Santoro S W, Joyce G F
Department of Chemistry, Skaggs Institute for Chemical Biology, The Scripps Research Institute, 10550 North Torrey Pines Road, La Jolla, CA 92037, USA.
Proc Natl Acad Sci U S A. 1997 Apr 29;94(9):4262-6. doi: 10.1073/pnas.94.9.4262.
An in vitro selection procedure was used to develop a DNA enzyme that can be made to cleave almost any targeted RNA substrate under simulated physiological conditions. The enzyme is comprised of a catalytic domain of 15 deoxynucleotides, flanked by two substrate-recognition domains of seven to eight deoxynucleotides each. The RNA substrate is bound through Watson-Crick base pairing and is cleaved at a particular phosphodiester located between an unpaired purine and a paired pyrimidine residue.
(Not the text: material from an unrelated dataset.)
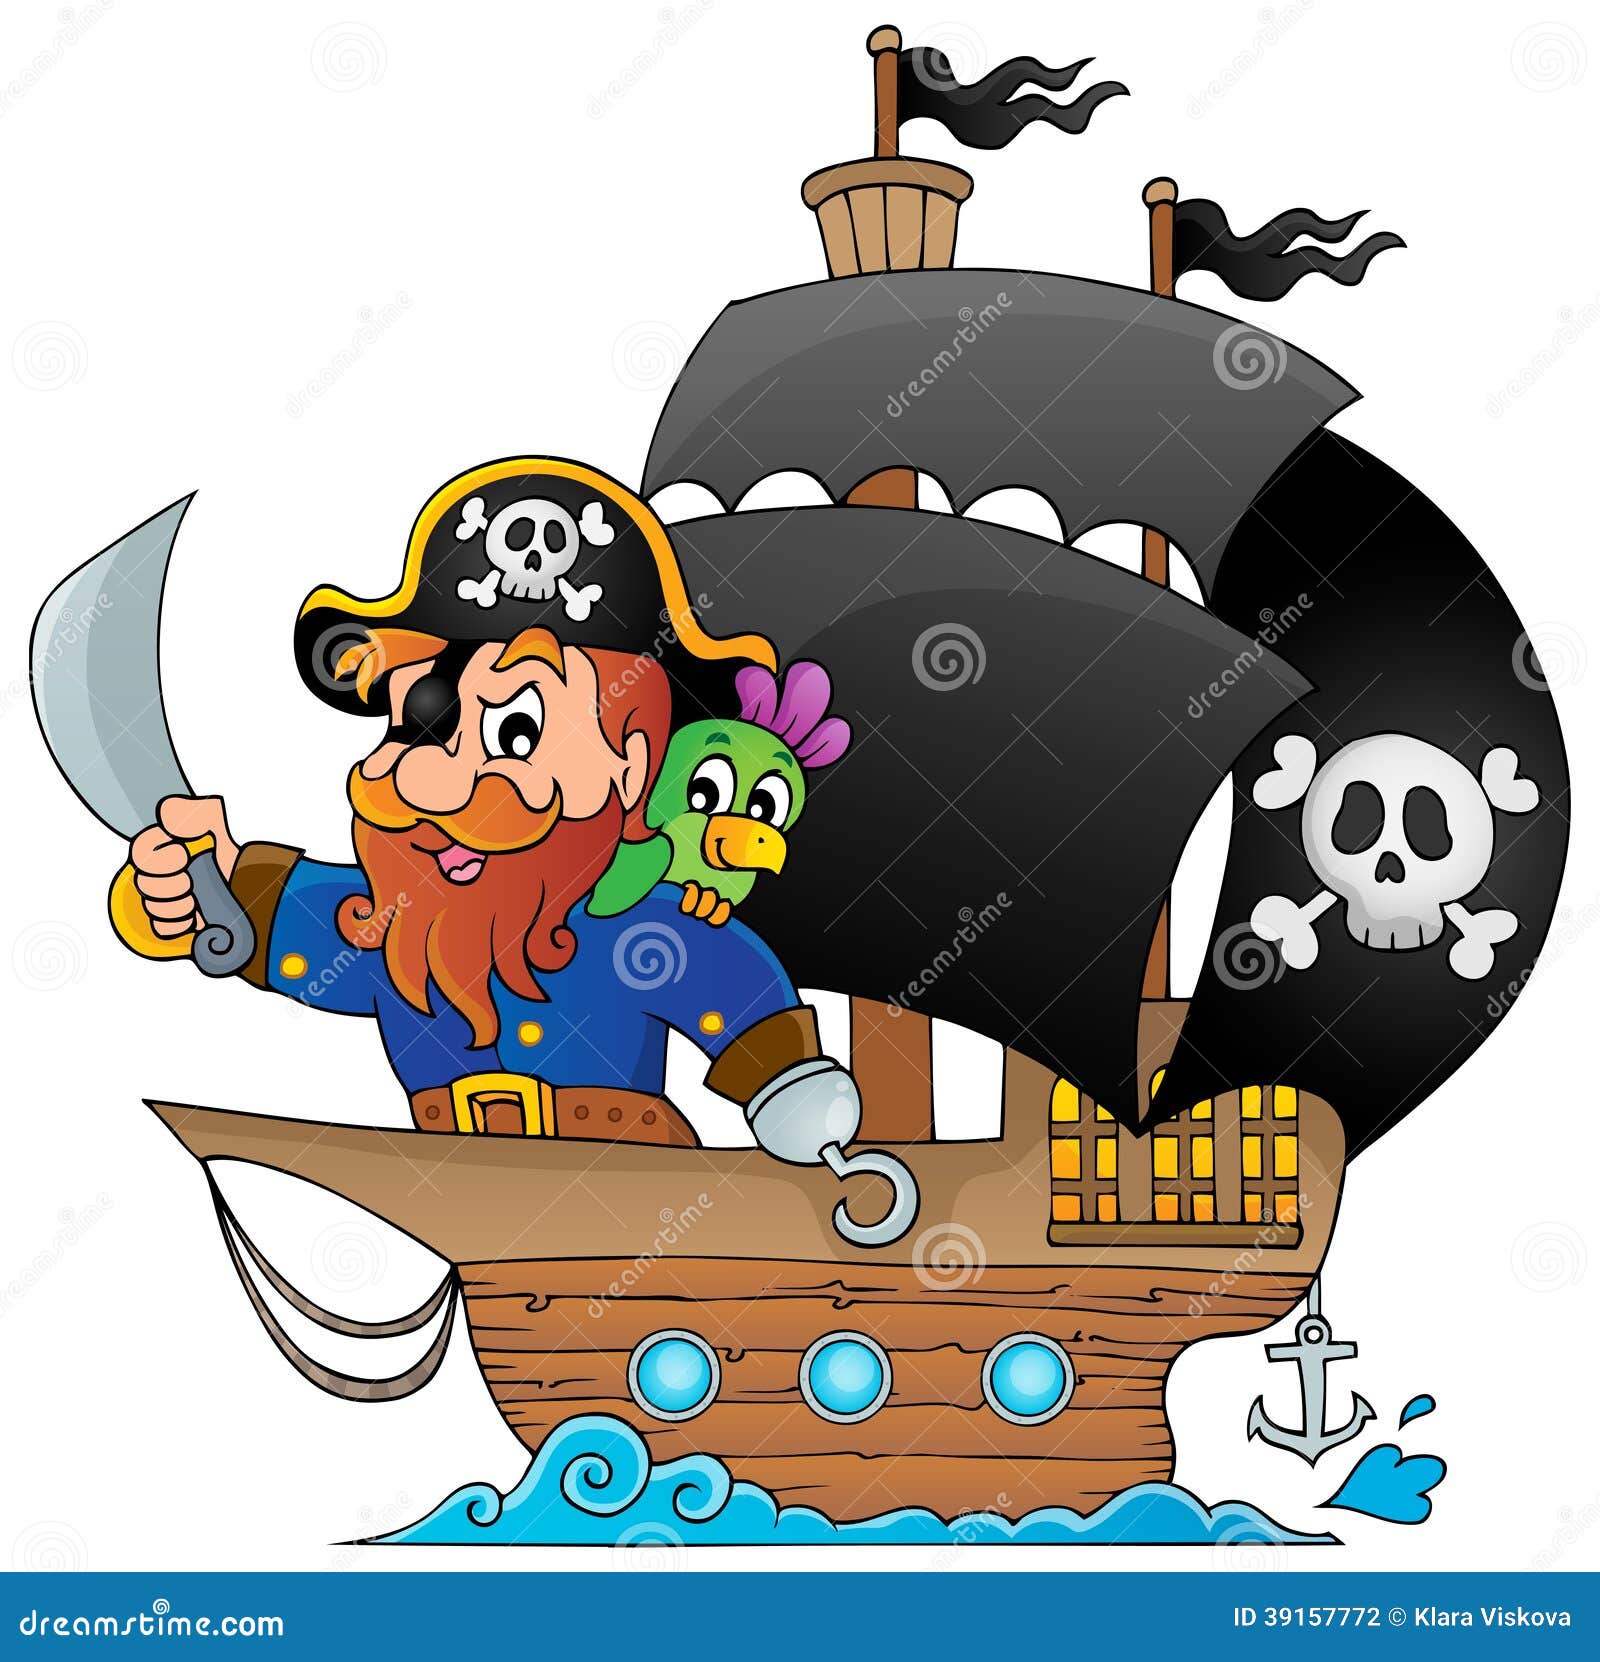 Пират 1 без. Корабль пиратов. Атрибуты пиратского корабля. Пираты мультяшные. Пиратский корабль для детей.

Despite its small size, the DNA enzyme has a catalytic efficiency (kcat/Km) of approximately 10(9) M-1.min-1 under multiple turnover conditions, exceeding that of any other known nucleic acid enzyme. Its activity is dependent on the presence of Mg2+ ion. By changing the sequence of the substrate-recognition domains, the DNA enzyme can be made to target different RNA substrates. In this study, for example, it was directed to cleave synthetic RNAs corresponding to the start codon region of HIV-1 gag/pol, env, vpr, tat, and nef mRNAs.
一种体外筛选程序被用于开发一种DNA酶,该酶在模拟生理条件下能够切割几乎任何靶向RNA底物。该酶由一个15个脱氧核苷酸的催化结构域组成,两侧各有一个七到八个脱氧核苷酸的底物识别结构域。RNA底物通过沃森-克里克碱基配对结合,并在一个未配对嘌呤和一个配对嘧啶残基之间的特定磷酸二酯键处被切割。尽管其尺寸小,但该DNA酶在多次周转条件下的催化效率(kcat/Km)约为10(9) M-1.min-1,超过任何其他已知核酸酶。其活性依赖于Mg2+离子的存在。通过改变底物识别结构域的序列,该DNA酶可被设计用于靶向不同的RNA底物。例如,在本研究中,它被定向切割与HIV-1 gag/pol、env、vpr、tat和nef mRNA起始密码子区域相对应的合成RNA。